The 14 variables were evaluated jointly by ANN. However, for better results visualization and discussion, the weight maps were divided into four blocks and grouped according to similarities: (i) Available hospital infrastructure; (ii) inputs and tests available; (iii) drugs available; and (iv) financial resources,
The first set of variables is shown in
Figure 3, composed of the rates of ICU beds, ventilators, physicians, and nurses per 100,000 inhabitants. In general, it is observed that the states that belong to the South, Southeast, and Central-West regions of Brazil had higher rates than the North and Northeast. There is evidence that these variables influence the rates of cases and deaths in each Brazilian state, and it can be said that the states with the lowest rates of ICU, respirators, physicians, and nurses, have the highest rates of cases and deaths from COVID-19.
It is also evident that these were not the only relevant factors. The state of Rio de Janeiro (RJ), for example, has high rates of ICU beds, respirators, physicians, and nurses and despite this, it has a higher death rate than other states in the North region, such as Acre (AC), Amapá (AP), and Roraima (RR).
The second set of variables presented in
Figure 4 represents the inputs destined to each state by the Federal Government to combat and control the spread of COVID-19, composed by PPE, hand sanitizer, rapid test, and PCR test per 100,000 inhabitants. In general, the PPE and hand sanitizer rates distributed for each state did not have a direct relationship with the rates of cases or deaths by COVID-19 according to the SOM analysis.
The states of Amapá (AP) and Rio de Janeiro (RJ), for example, had the highest rates of PPE distributed, and Amazonas (AM) had the highest rates of liters of hand sanitizer distributed per 100,000 inhabitants; however, these three states present higher rates of cases and deaths when compared to other Brazilian states.

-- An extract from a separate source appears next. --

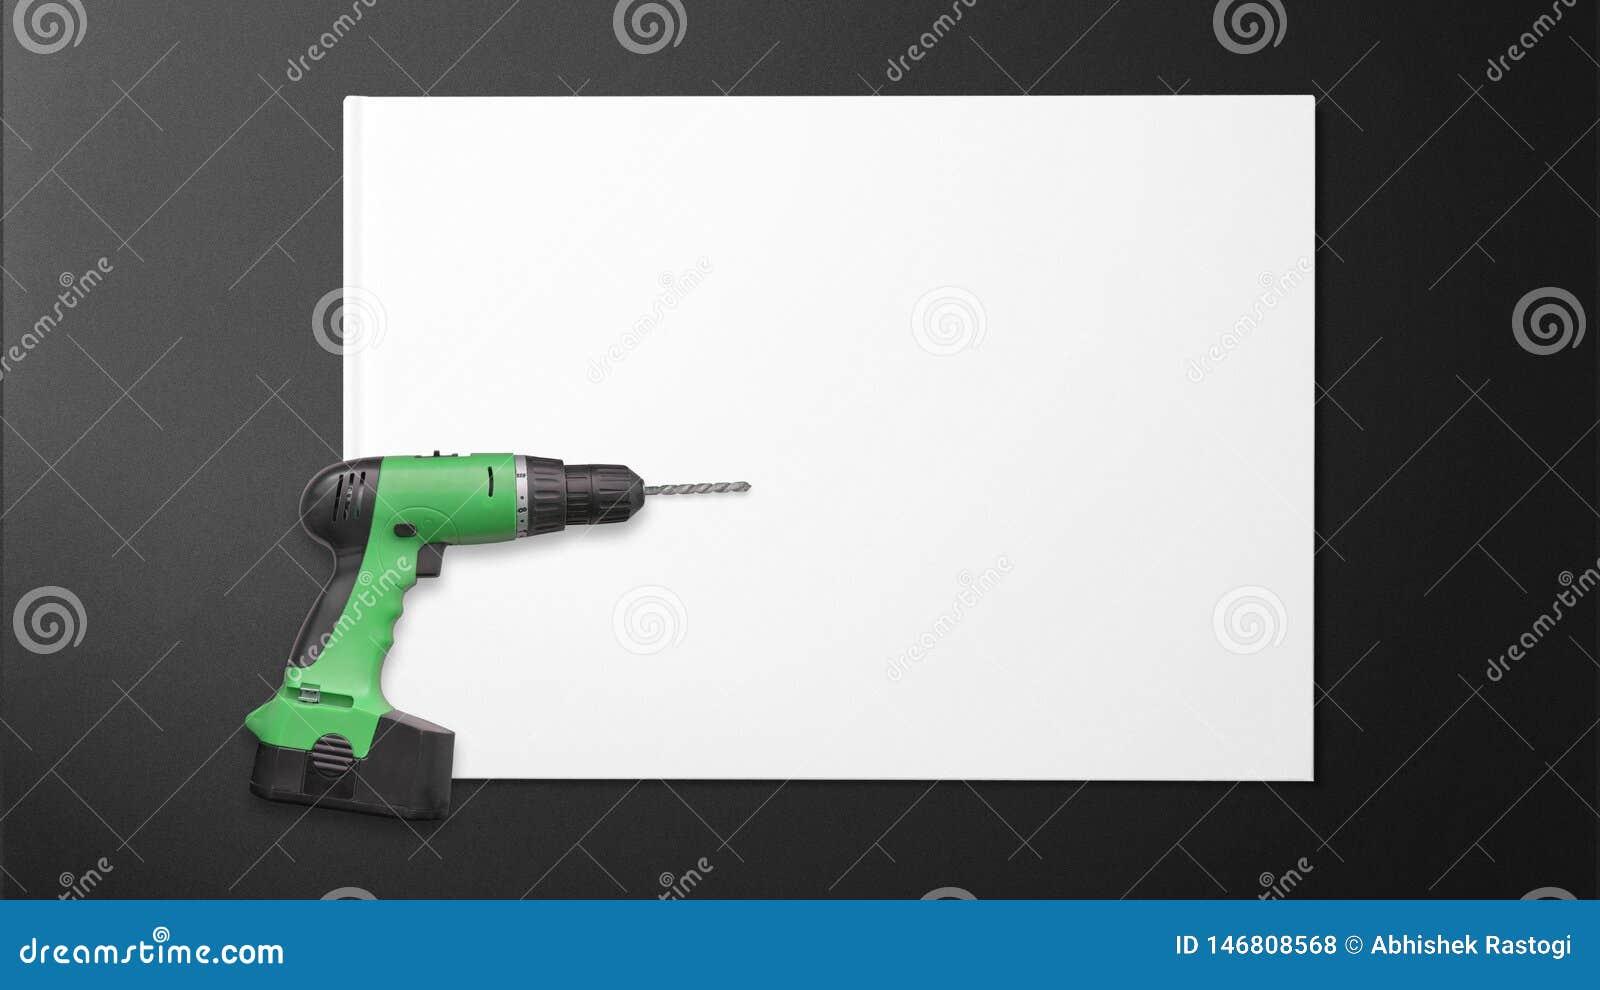 Μηχανή τρυπανιών σε χαρτί για το μαύρο υπόβαθρο

It is important to note that the data refer to the distributed quantity of inputs, and it is not possible to estimate which portion was used by hospitals or the population, or even say if they were used correctly. The cultural factor also interferes in these variables, mainly concerning the education and awareness of the local population about the use of these inputs [
45].
The disease tests in the country have been carried out homogeneously, as shown in
Figure 4. This homogeneity is considered an important aspect and demonstrates that differences do not influence the data collected regarding the number of cases in the form of confirmation of the disease, which could question the reliability of the data. The states that had the highest test rates available were the Distrito Federal (DF), Rio Grande do Sul (RS), and Roraima (RR), which belong to the Central-West, South, and North regions, respectively, i.e., the most and least affected regions by COVID-19 in the country.
Rapid tests are cheaper, less reliable, and can result in false positives or negatives, while the PCR test is reliable but expensive and time-consuming [
46]. It is necessary to adopt a balance between rapid tests and PCR; for example, if PCR test indices are higher, it will not be possible to follow the spread in a short period, while rapid tests, when misused, can generate mistaken information.
Previous measures as vaccines and drugs against diseases with similar symptoms, such as influenza H1N1 and H3N2, can facilitate the diagnosis of COVID-19, since they are relevant information during the patient’s anamnesis. These procedures allow faster and more efficient identification of the disease, which makes the adopted treatments more assertive and precocious [
47]. Another measure that focuses on significant discussions in the scientific community is the use of drugs against the coronavirus [
48]. Among several drugs, the Brazilian Federal Government has invested and passed on chloroquine tablets to the states.
The third set of variables in
Figure 5 consists of influenza vaccines distributed and applied, and drugs distributed by states per 100,000 inhabitants. The states of the North region, such as Amazonas (AM), Roraima (RR), Pará (PA), and Acre (AC), had a more significant disparity than the other states in the rates of vaccines applied and distributed. At first, this behavior could be related to health factors, shown in
Figure 3. However, this disparity would also be observed in the Northeast region. Other intrinsic factors may include geographic and logistical factors that make distribution and access to the population a challenge to receive the vaccine.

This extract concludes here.